On March 14, 2019, Barner signed a one-year contract with the Atlanta Falcons. In Week 11 of the 2019 season, against the Carolina Panthers, he had a 78-yard punt return for a touchdown in the 29–3 victory, earning NFC Special Teams Player of the Week honors.

===Baltimore Ravens===
On August 12, 2020, Barner signed a one-year contract with the Baltimore Ravens. He was released during final roster cuts on September 5, 2020.

===Tampa Bay Buccaneers===
On September 10, 2020, Barner was signed to the Tampa Bay Buccaneers practice squad. He was elevated to the active roster for the team's weeks 3 and 4 games against the Denver Broncos and Los Angeles Chargers, respectively, and reverted to the practice squad after each game. He was suspended by the NFL for four games after violating the league's performance-enhancing drugs policy on October 6. He was reinstated from suspension and activated back to the practice squad on November 3. Barner was elevated to the active roster again on November 23 for the Week 11 game against the Los Angeles Rams, and reverted to the practice squad again following the game. He was signed to the active roster on December 7. On December 30, Barner was placed on injured reserve. He was designated to return from injured reserve on January 19, 2021, and began practicing with the team again, but the team did not activate him before the end of the postseason. Without Barner, the Buccaneers won Super Bowl LV 31–9 against the Kansas City Chiefs earning Barner a third championship ring.

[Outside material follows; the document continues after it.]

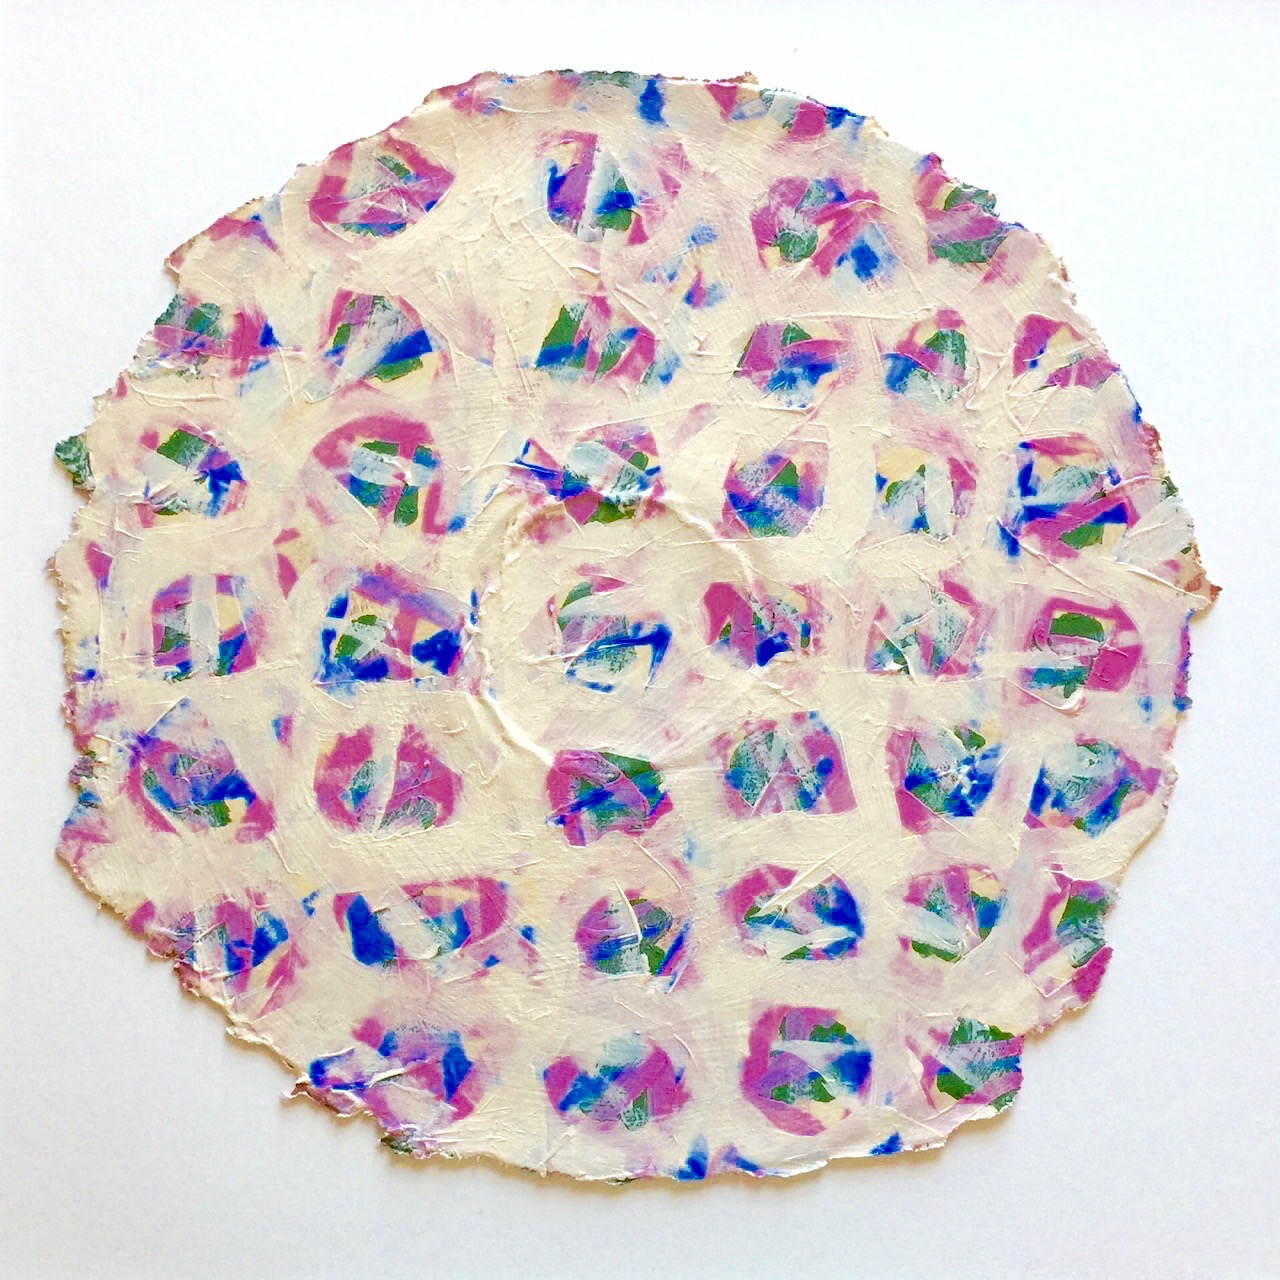 A Painting Day: Plate Series - Cake Plate - Ruth Andre
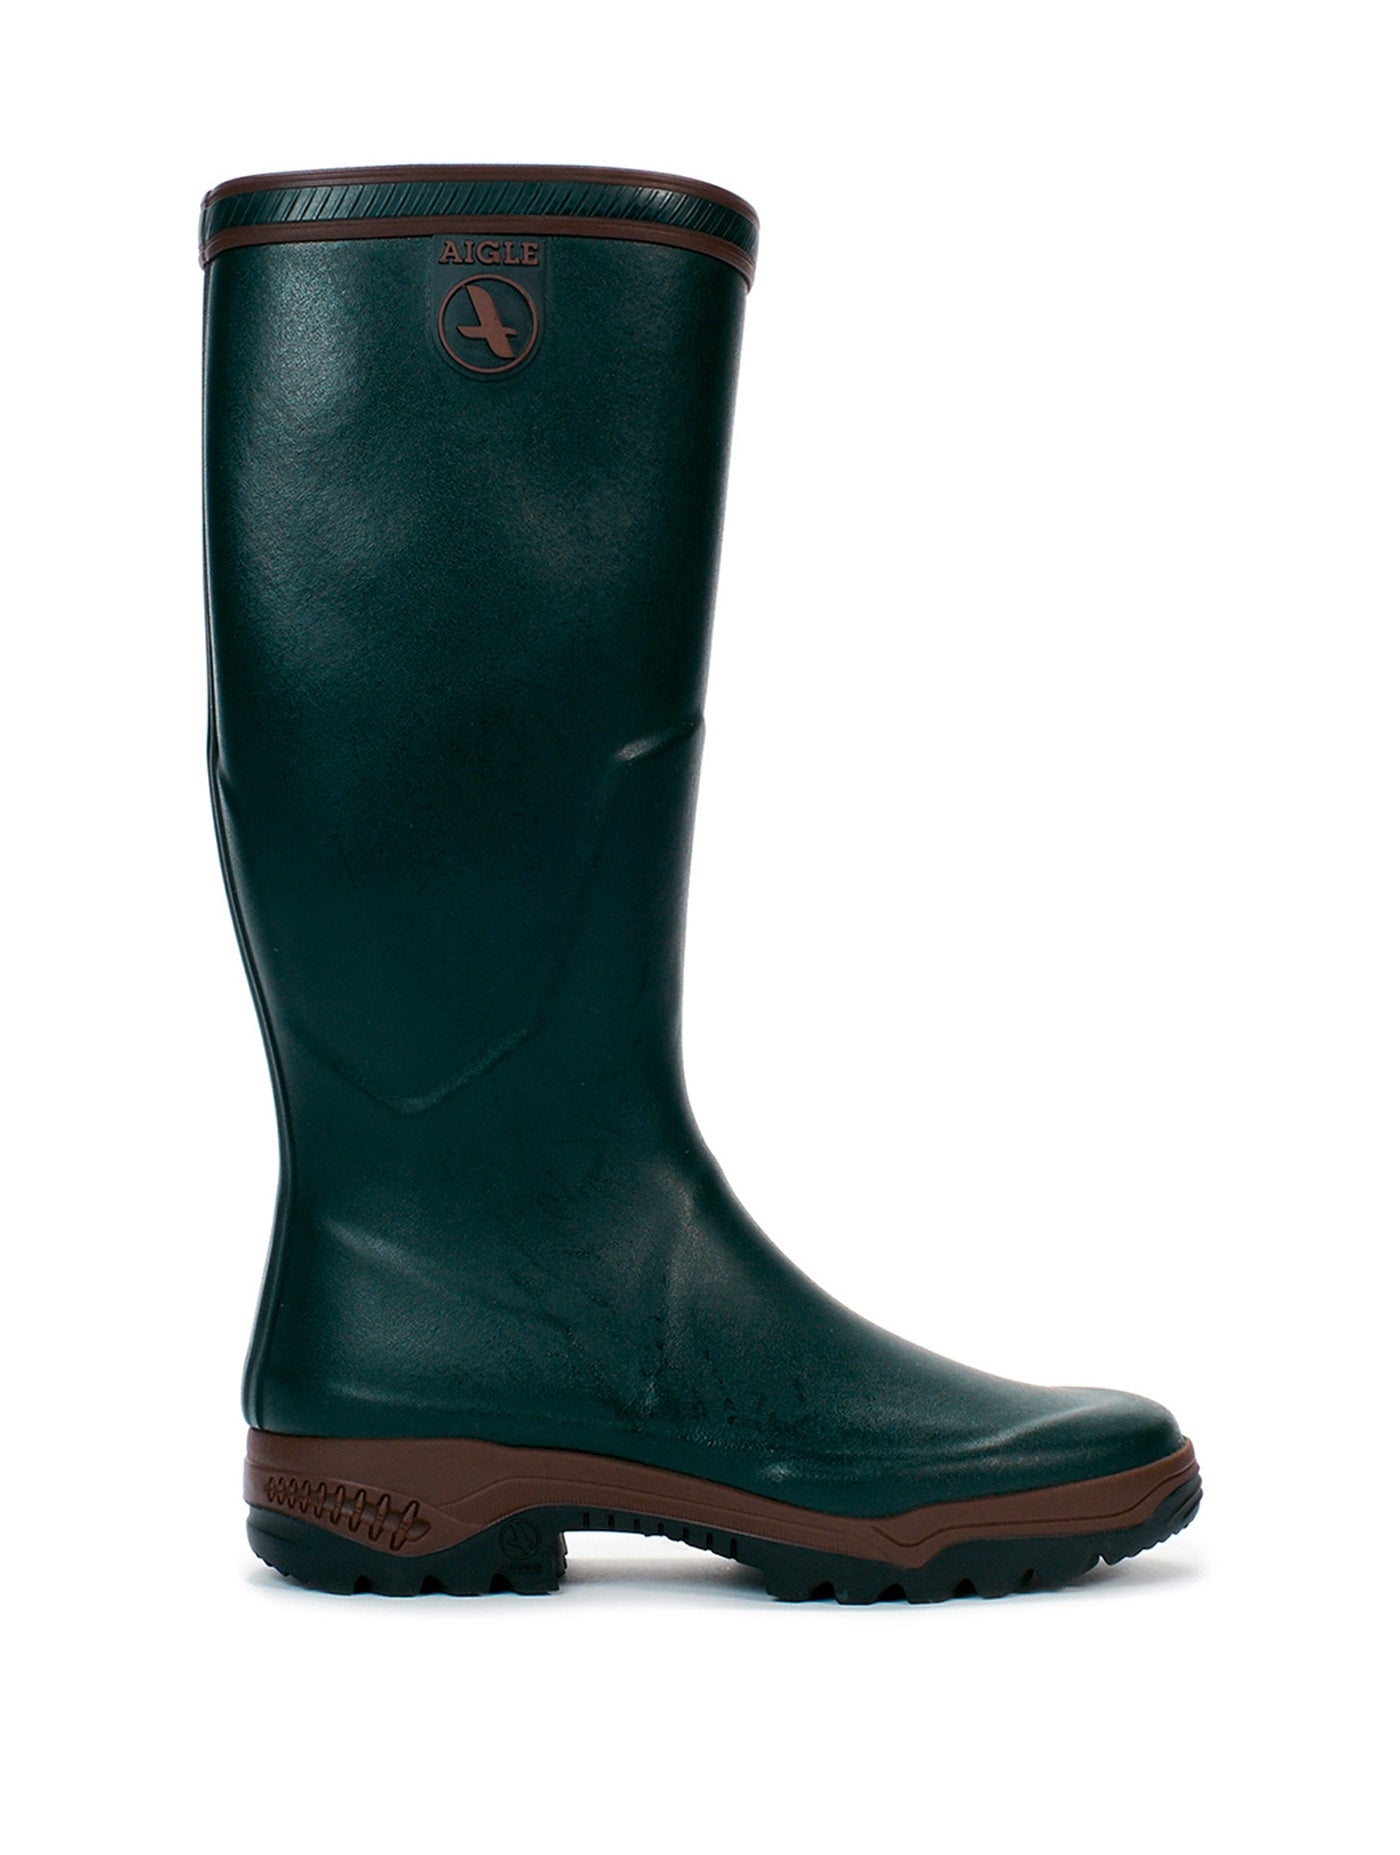 PARCOURS® 2 anti-fatigue Aigle hunting boots

On December 15, 2021, Barner was signed to the Buccaneers practice squad. After the Buccaneers were eliminated in the Divisional Round of the 2021 playoffs, he signed a reserve/future contract on January 24, 2022. He was placed on injured reserve on August 15, 2022. Barner was released on October 11.

==Career statistics==

===NFL===

| Year | Team | Games |  | Receiving |  |  |  |  | Rushing |  |  |  |  | Fumbles |  |
| GP | GS | Rec | Yds | Avg | Lng | TD | Att | Yds | Avg | Lng | TD | Fum | Lost |
| 2013 | CAR | 8 | 0 | 2 | 7 | 3.5 | 5 | 0 | 6 | 7 | 1.2 | 2 | 0 | 1 | 0 |
| 2015 | PHI | 10 | 0 | 9 | 22 | 2.4 | 12 | 0 | 28 | 124 | 4.4 | 19 | 0 | 1 | 1 |
| 2016 | PHI | 13 | 0 | 5 | 42 | 8.4 | 15 | 0 | 27 | 129 | 4.8 | 19 | 2 | 0 | 0 |
| 2017 | PHI | 13 | 1 | 5 | 56 | 11.2 | 22 | 0 | 16 | 57 | 3.6 | 18 | 1 | 3 | 0 |
| 2018 | NE | 5 | 0 | 0 | 0 | 0.0 | 0 | 0 | 19 | 71 | 3.7 | 11 | 0 | 0 | 0 |
| CAR | 4 | 0 | 1 | 3 | 3.0 | 3 | 0 | 0 | 0 | 0.0 | 0 | 0 | 1 | 0 |
| 2019 | ATL | 14 | 0 | 6 | 22 | 3.7 | 13 | 0 | 4 | 28 | 7.0 | 12 | 0 | 4 | 1 |
| 2020 | TB | 6 | 0 | 0 | 0 | 0.0 | 0 | 0 | 0 | 0 | 0.0 | 0 | 0 | 0 | 0 |
| Career |  | 73 | 1 | 28 | 152 | 5.4 | 22 | 0 | 100 | 416 | 4.2 | 19 | 3 | 10 | 2 |

===College===

| Year | Team | GP | Rushing |  |  |  |  |  |
| Att | Yds | Avg | Lng | TD | Y/G |
| 2009 | Oregon | 13 | 61 | 366 | 6.0 | 48 | 3 | 28.2 |
| 2010 | Oregon | 11 | 91 | 551 | 6.1 | 41 | 6 | 50.1 |
| 2011 | Oregon | 12 | 152 | 939 | 6.2 | 84 | 11 | 78.2 |
| 2012 | Oregon | 13 | 278 | 1,767 | 6.4 | 80 | 21 | 135.9 |
| Total |  | 49 | 582 | 3,623 | 6.2 | 84 | 41 | 73.9 |

==Personal life==
Barner was born in Lynwood, California, to parents Gary and Wilhelmenia Barner. He has five older brothers and one older sister. He graduated with a degree in criminology in spring 2012. Kenjon has two sons born in 2013 and 2017.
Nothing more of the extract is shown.